On 05/26/2015 02:55 AM, deadalnix wrote:
On Tuesday, 26 May 2015 at 00:07:33 UTC, Timon Gehr wrote:
I'm fine with RTL for assignment expressions, and LTR everywhere else.
Daniel, if you could work this out at front end level so it goes the
same way for all backends, that would be fantastic. -- Andrei
Why?
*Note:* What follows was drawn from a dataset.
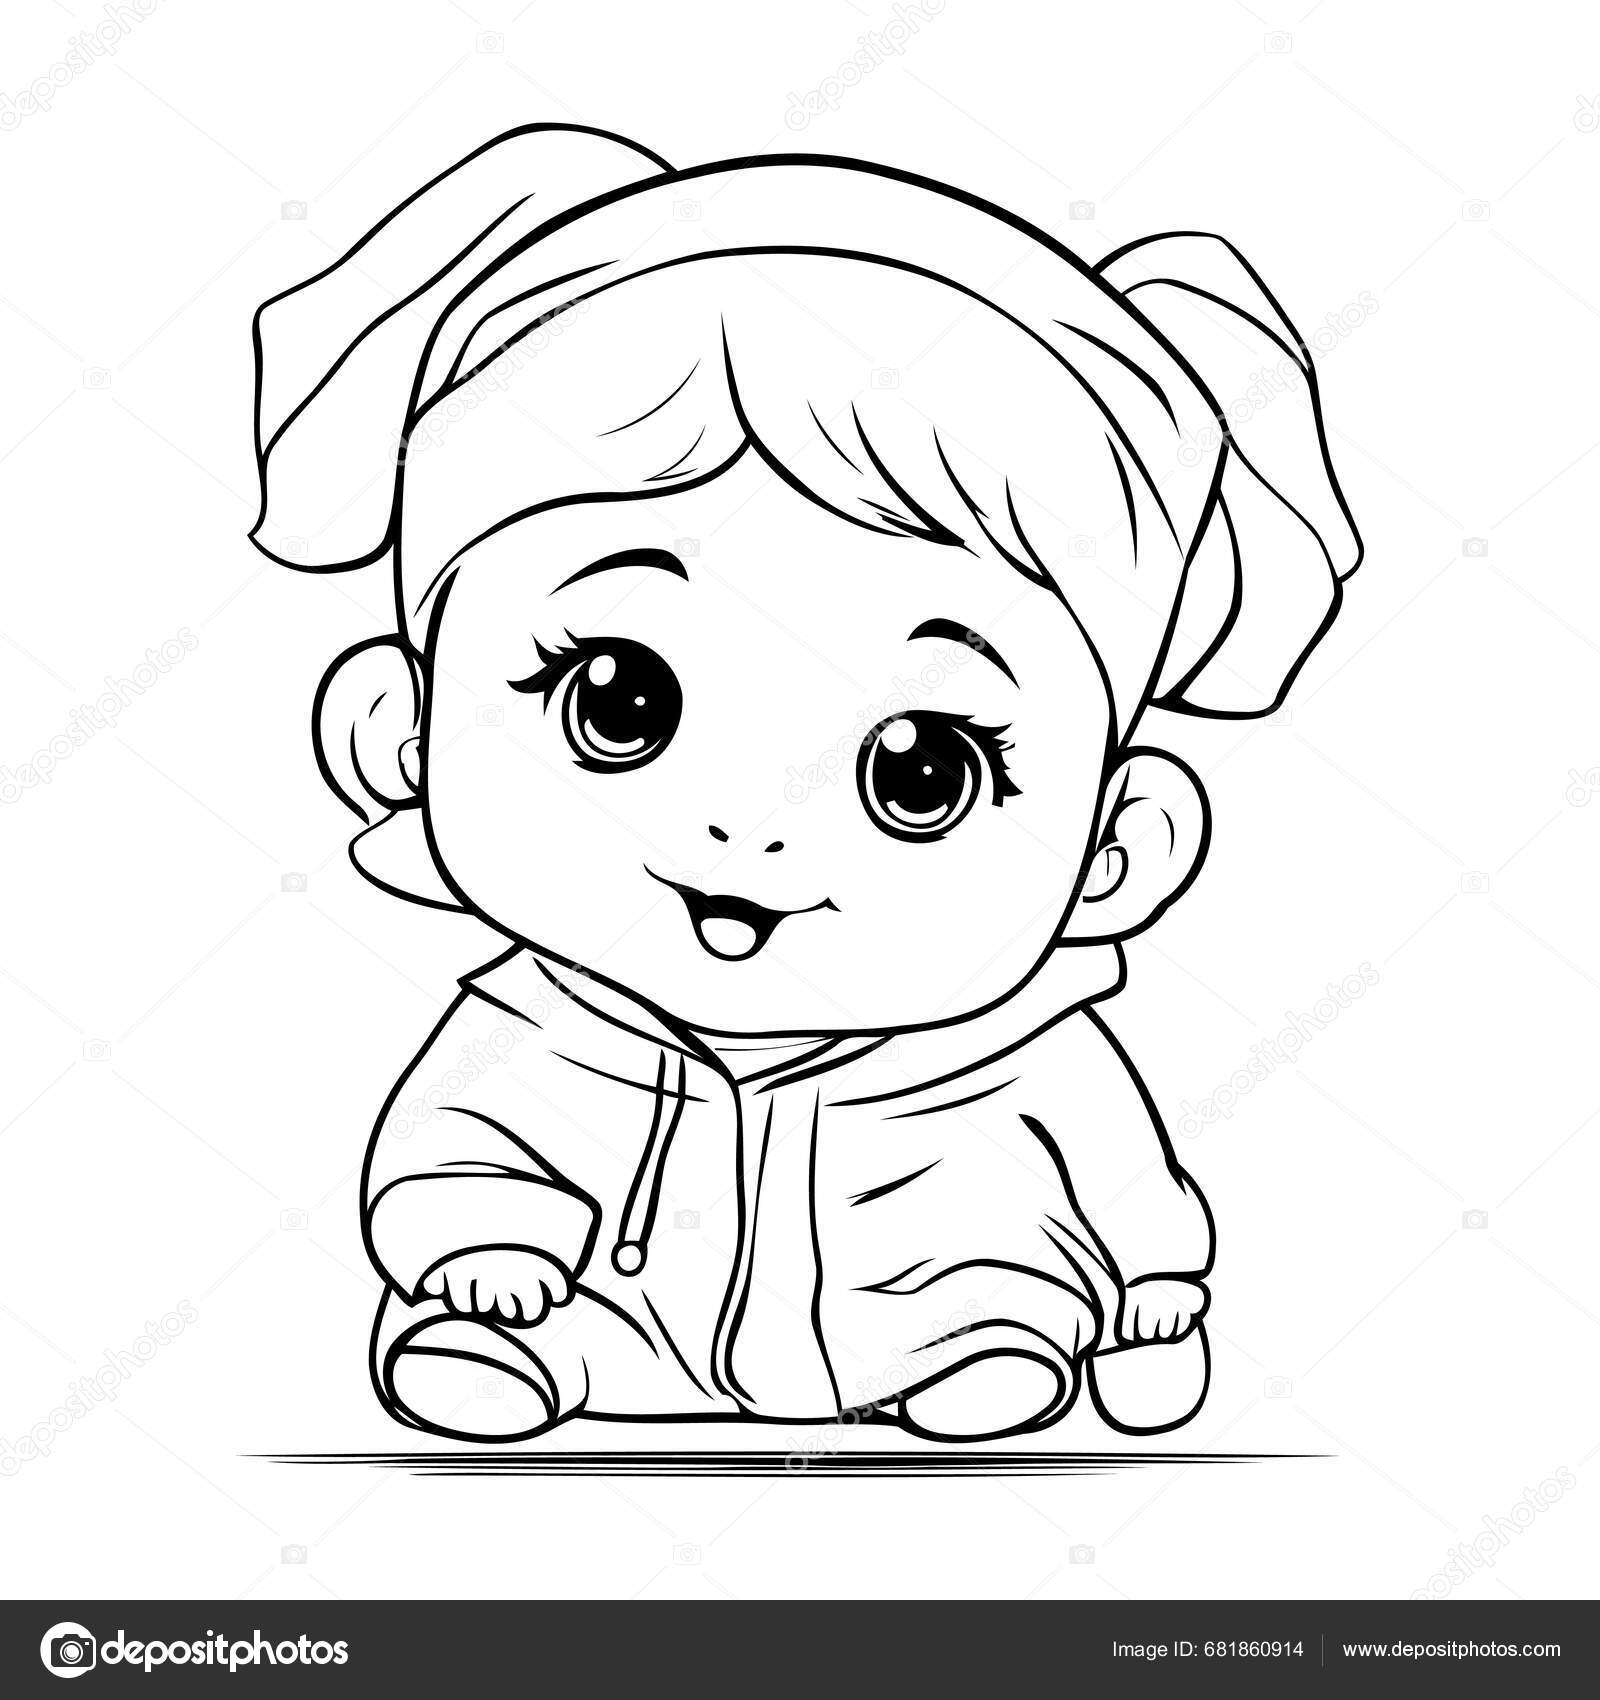 How to Draw a Baby - Really Easy Drawing Tutorial

Strictly left-to-right is the simplest thing.
In case of opAssign kind of thing, LTR is not doable as operator
overloading, at least not in a backward compatible manner.
Not caching the value of the left hand side is not the same thing as
right-to-left evaluation:
int a=0,b=0;
(b++,a)=b; // ltr gives a==1, rtl gives a==0, caching irrelevant
int a=0,b=0;
((ref a,b)=>a=b)((b++,a),b) // operator overloading lowering gives a==1
However, this is a more general problem with operator overloading: the
first argument is always passed by reference, hence it is not cached:
int[] foo(){
int a=1;
int[] r;
a=(a=a*2)+(a=a+2); // with l-t-r and caching: 6
r~=a;
alias string=immutable(char)[];
static struct S{
int a;
this(int a){ this.a=a; }
S opBinary(string op)(S t){ return S(mixin("a "~op~" t.a")); }
ref S opUnary(string op:"++")(){ ++a; return this; }
}
static struct T{
int a;
this(int a){ this.a=a; }
T opBinaryRight(string op)(T s){ return T(mixin("s.a "~op~" a")); }
ref T opUnary(string op:"++")(){ ++a; return this; }
}
auto s=S(1);
auto t=T(1);
s=(s=s*S(2))+(s=s+S(2)); // with l-t-r and lowering: 8
t=(t=t*T(2))+(t=t+T(2)); // either 8 or 12, depending on whether
evaluation order is preserved during lowering.
r~=s.a,r~=t.a;
return r;
}
I guess overloaded operators could be made to cache the old value. (As
they do in CTFE, apparently. :o))
However, this seems like overkill. Any other ideas?